# TASK TO COMPLETE:
With pictures left out, output exactly the lines from the line holding "This authentic Chanel" through the end of the data, both included.

# PROVIDED DATA:
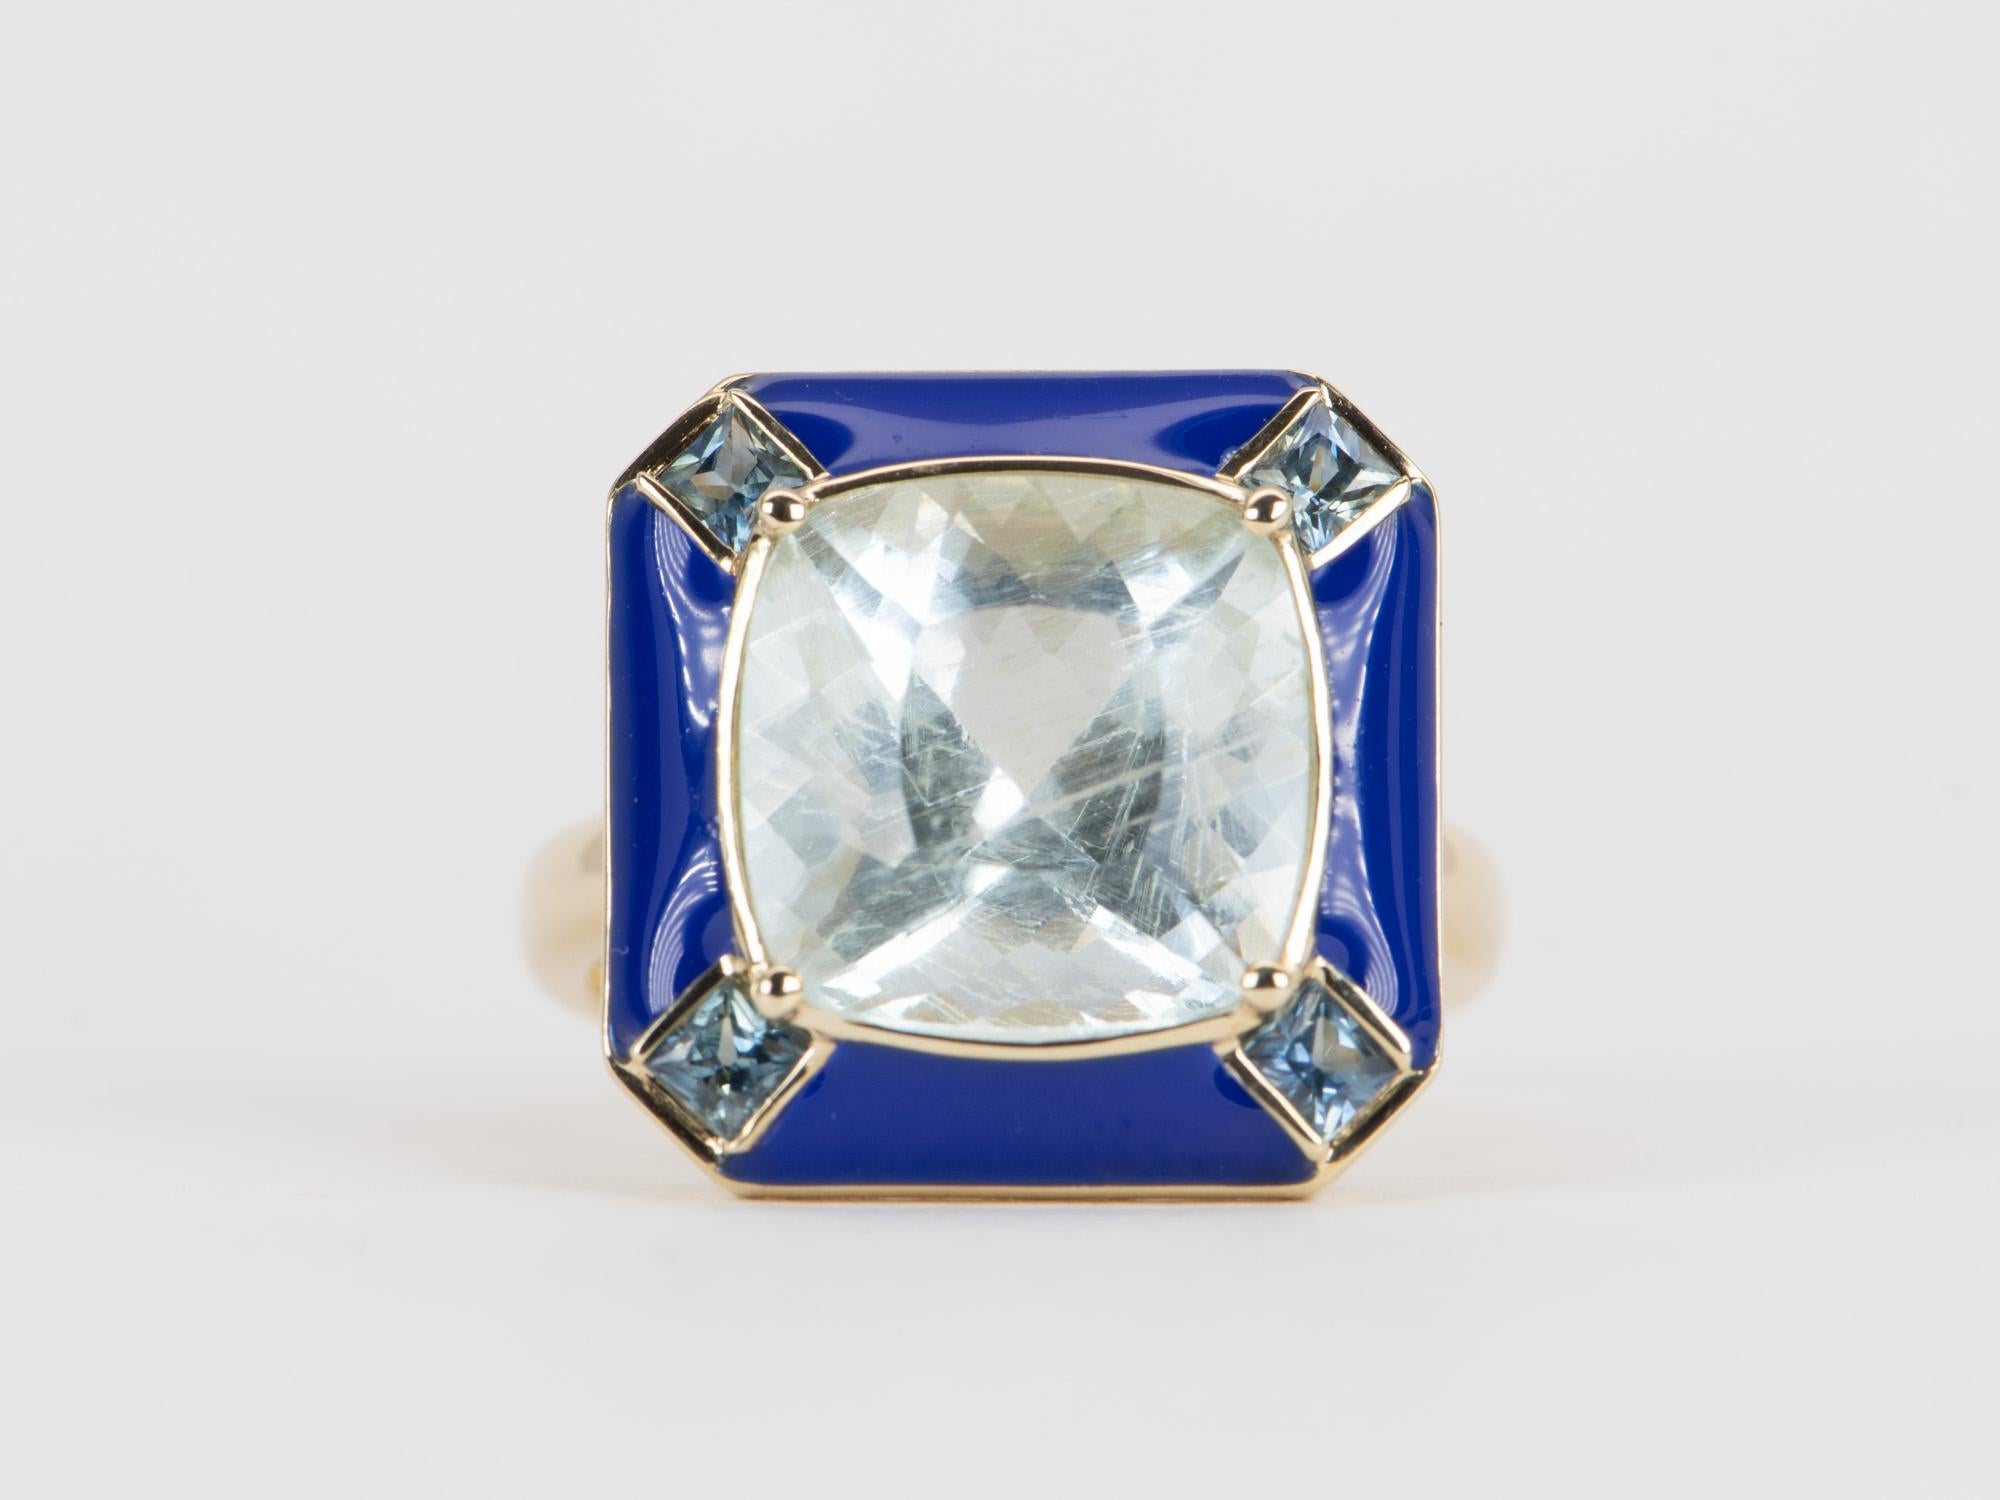 This exquisite statement ring is crafted with a unique 7.32ct Galaxy Aquamarine center and surrounded by a halo of teal sapphires and navy blue enamel. Set in 9K gold, this one-of-a-kind ring will be the perfect way to show your lasting commitment.
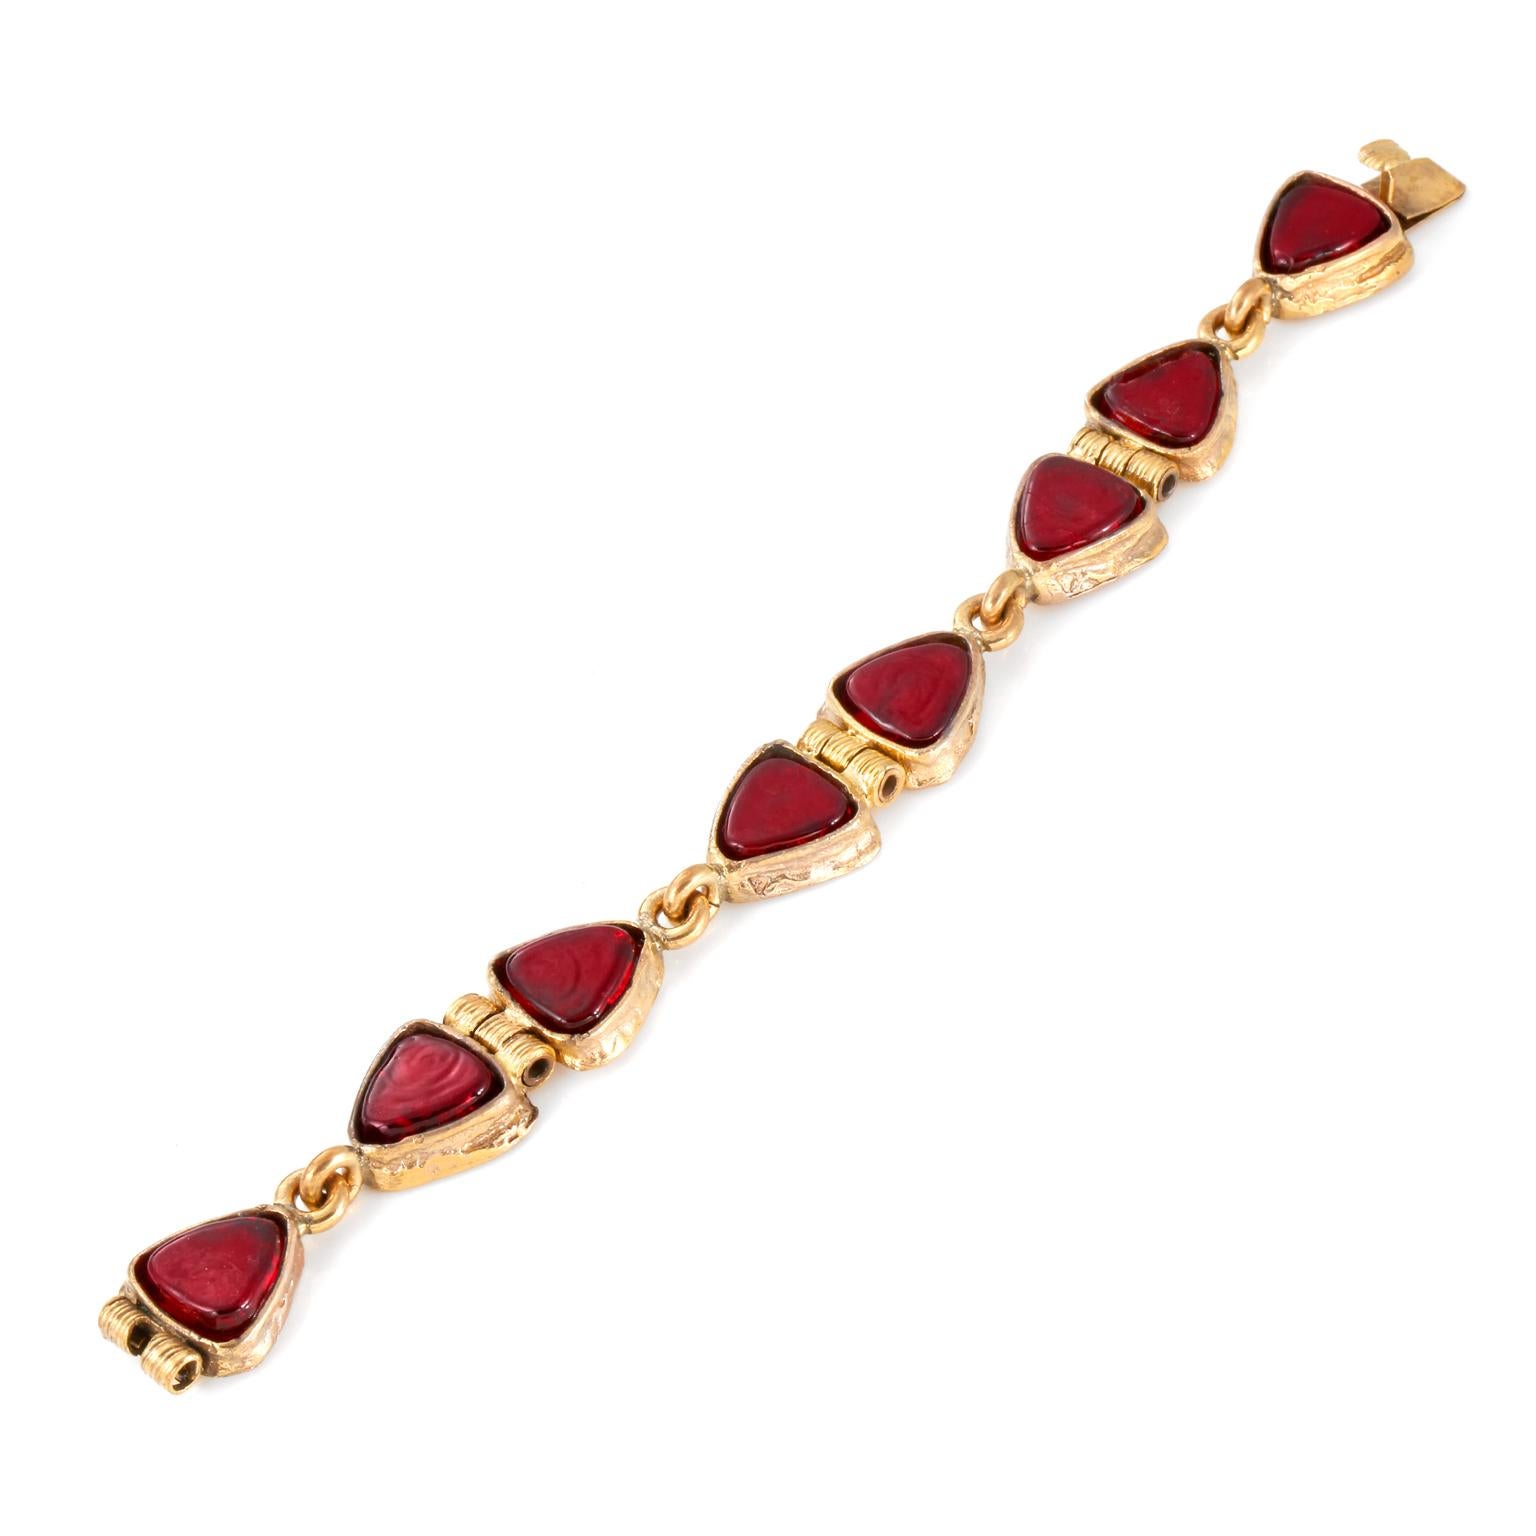 This authentic Chanel Red Gripoix Bracelet is in exceptionally good vintage condition.  It is a very early Chanel piece from the 1954-1971 era. Deep red Gripoix glass stones set in gold tone metal.  Approximately 8 inches.    Pouch or box included.
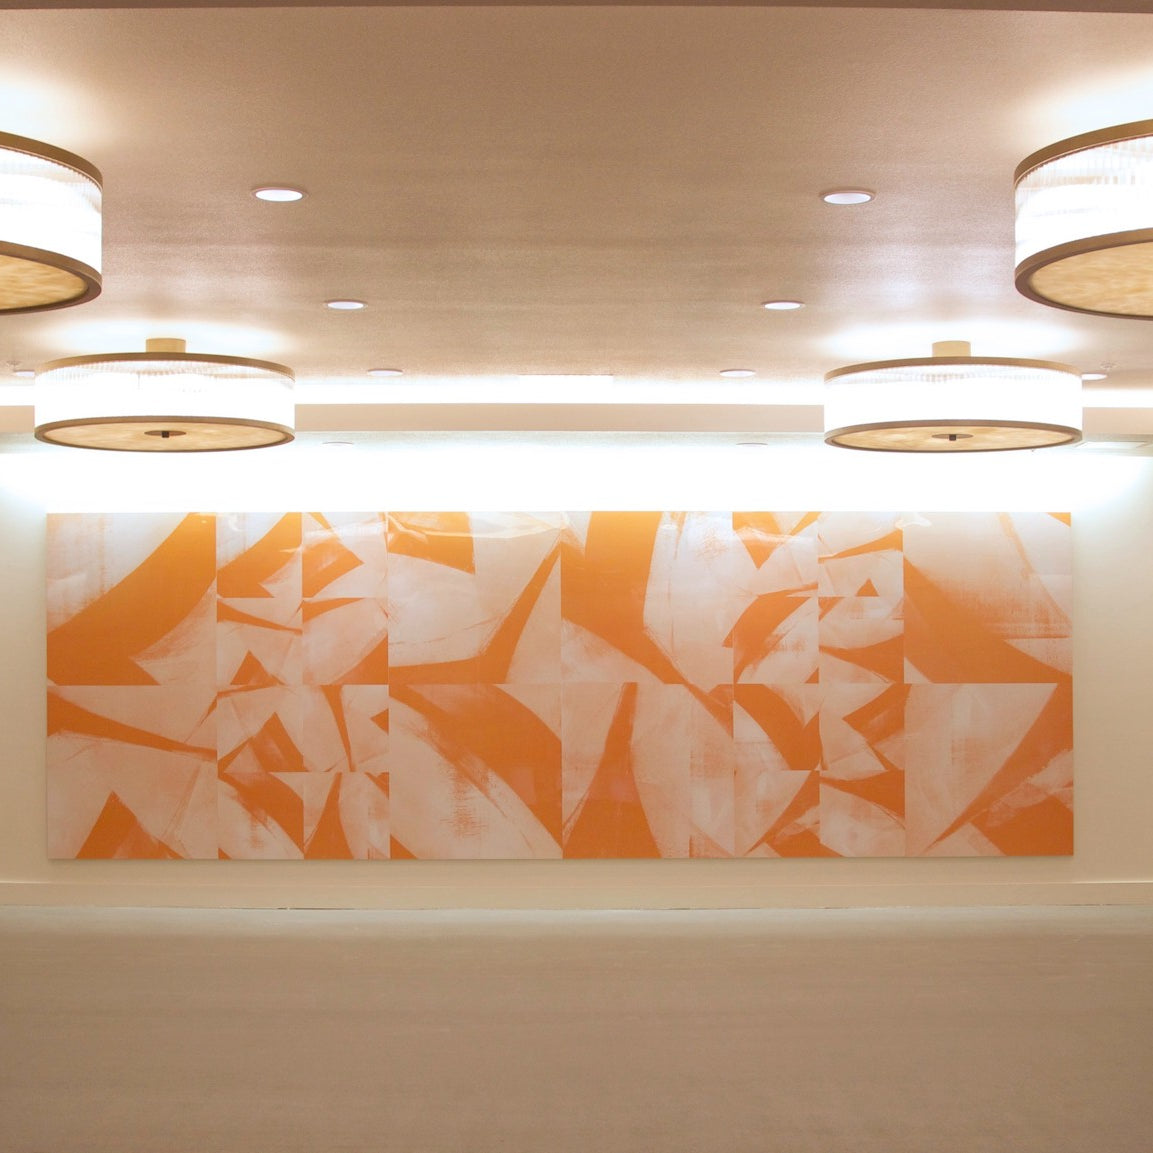 Entryway of Centerpointe motorcourt illuminated by large circular light fixtures, showcasing a warm-toned abstract geometric mural, inviting a sense of modern elegance.

# RESULT FOR THIS TASK:
 This authentic Chanel Red Gripoix Bracelet is in exceptionally good vintage condition.  It is a very early Chanel piece from the 1954-1971 era. Deep red Gripoix glass stones set in gold tone metal.  Approximately 8 inches.    Pouch or box included.
 Entryway of Centerpointe motorcourt illuminated by large circular light fixtures, showcasing a warm-toned abstract geometric mural, inviting a sense of modern elegance.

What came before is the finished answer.